Would you please transcribe, exactly as written, the lines of the entries below starting at the one that holds "Hershey's Chocolate Syrup" and ending at the one that holds "new balance men shoe", both included?

AVAILABLE RECORDS —
◆ ◆ ◆ ◆ ◆

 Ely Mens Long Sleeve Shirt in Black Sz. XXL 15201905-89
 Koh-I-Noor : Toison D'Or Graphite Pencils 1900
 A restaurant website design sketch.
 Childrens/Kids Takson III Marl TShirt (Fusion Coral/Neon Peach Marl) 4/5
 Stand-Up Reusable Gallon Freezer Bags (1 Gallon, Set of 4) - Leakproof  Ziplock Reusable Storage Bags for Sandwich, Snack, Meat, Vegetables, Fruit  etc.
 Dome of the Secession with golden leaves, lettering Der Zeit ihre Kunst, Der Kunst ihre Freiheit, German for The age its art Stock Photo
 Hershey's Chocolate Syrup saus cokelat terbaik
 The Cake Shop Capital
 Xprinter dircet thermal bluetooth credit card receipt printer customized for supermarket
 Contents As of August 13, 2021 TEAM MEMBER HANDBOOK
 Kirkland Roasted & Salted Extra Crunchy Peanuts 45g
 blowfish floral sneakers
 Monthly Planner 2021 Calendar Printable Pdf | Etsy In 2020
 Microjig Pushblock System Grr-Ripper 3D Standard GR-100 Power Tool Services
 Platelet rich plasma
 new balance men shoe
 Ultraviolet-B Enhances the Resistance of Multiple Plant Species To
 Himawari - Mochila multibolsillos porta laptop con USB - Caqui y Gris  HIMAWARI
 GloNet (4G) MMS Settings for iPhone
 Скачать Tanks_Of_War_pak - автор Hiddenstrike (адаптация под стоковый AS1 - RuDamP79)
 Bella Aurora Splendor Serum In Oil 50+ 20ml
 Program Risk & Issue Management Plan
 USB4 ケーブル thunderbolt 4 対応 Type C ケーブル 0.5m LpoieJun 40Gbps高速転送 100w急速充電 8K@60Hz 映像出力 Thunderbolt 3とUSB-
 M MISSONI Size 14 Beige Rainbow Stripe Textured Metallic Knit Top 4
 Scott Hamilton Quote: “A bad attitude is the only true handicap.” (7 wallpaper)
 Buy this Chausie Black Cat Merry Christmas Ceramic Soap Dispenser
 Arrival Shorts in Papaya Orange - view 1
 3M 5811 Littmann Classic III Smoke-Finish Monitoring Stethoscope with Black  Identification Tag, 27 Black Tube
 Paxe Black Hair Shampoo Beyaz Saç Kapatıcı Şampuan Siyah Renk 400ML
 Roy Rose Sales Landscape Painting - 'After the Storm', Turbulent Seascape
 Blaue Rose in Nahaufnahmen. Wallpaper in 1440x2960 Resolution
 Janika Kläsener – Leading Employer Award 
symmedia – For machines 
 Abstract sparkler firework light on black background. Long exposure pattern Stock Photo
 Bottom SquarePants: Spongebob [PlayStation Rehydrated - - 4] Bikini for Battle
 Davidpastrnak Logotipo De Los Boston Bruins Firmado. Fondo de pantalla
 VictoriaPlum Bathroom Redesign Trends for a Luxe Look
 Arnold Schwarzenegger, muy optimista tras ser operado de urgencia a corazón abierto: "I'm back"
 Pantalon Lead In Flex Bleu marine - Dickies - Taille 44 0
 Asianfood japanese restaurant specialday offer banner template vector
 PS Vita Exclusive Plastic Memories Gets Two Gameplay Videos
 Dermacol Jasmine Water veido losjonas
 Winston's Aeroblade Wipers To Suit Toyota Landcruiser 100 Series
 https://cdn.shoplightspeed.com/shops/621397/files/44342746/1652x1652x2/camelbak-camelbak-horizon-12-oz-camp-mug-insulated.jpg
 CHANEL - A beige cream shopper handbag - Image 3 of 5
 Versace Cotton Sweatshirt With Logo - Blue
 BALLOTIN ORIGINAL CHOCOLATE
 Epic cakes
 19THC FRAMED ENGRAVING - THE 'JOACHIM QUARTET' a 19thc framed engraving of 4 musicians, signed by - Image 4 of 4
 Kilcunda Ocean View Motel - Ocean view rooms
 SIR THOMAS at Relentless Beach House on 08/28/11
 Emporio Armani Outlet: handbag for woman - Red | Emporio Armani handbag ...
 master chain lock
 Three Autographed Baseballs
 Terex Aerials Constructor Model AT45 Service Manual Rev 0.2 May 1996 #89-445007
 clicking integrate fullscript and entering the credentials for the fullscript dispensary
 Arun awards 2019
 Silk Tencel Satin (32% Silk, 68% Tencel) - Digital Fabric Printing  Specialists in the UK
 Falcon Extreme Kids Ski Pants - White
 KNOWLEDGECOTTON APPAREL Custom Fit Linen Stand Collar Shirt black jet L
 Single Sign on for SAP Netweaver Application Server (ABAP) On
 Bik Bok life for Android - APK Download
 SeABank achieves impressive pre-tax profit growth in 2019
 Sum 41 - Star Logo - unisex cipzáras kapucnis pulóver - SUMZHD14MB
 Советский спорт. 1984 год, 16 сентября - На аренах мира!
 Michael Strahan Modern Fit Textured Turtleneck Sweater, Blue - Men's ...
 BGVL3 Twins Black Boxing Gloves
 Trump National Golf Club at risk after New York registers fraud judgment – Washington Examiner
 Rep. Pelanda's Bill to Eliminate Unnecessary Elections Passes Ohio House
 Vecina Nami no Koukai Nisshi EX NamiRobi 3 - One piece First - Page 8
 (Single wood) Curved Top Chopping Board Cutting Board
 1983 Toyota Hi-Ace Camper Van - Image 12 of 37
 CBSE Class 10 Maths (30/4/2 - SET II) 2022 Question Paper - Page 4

◆ ◆ ◆ ◆ ◆

RESULT OF THIS EXERCISE —
 Hershey's Chocolate Syrup saus cokelat terbaik
 The Cake Shop Capital
 Xprinter dircet thermal bluetooth credit card receipt printer customized for supermarket
 Contents As of August 13, 2021 TEAM MEMBER HANDBOOK
 Kirkland Roasted & Salted Extra Crunchy Peanuts 45g
 blowfish floral sneakers
 Monthly Planner 2021 Calendar Printable Pdf | Etsy In 2020
 Microjig Pushblock System Grr-Ripper 3D Standard GR-100 Power Tool Services
 Platelet rich plasma
 new balance men shoe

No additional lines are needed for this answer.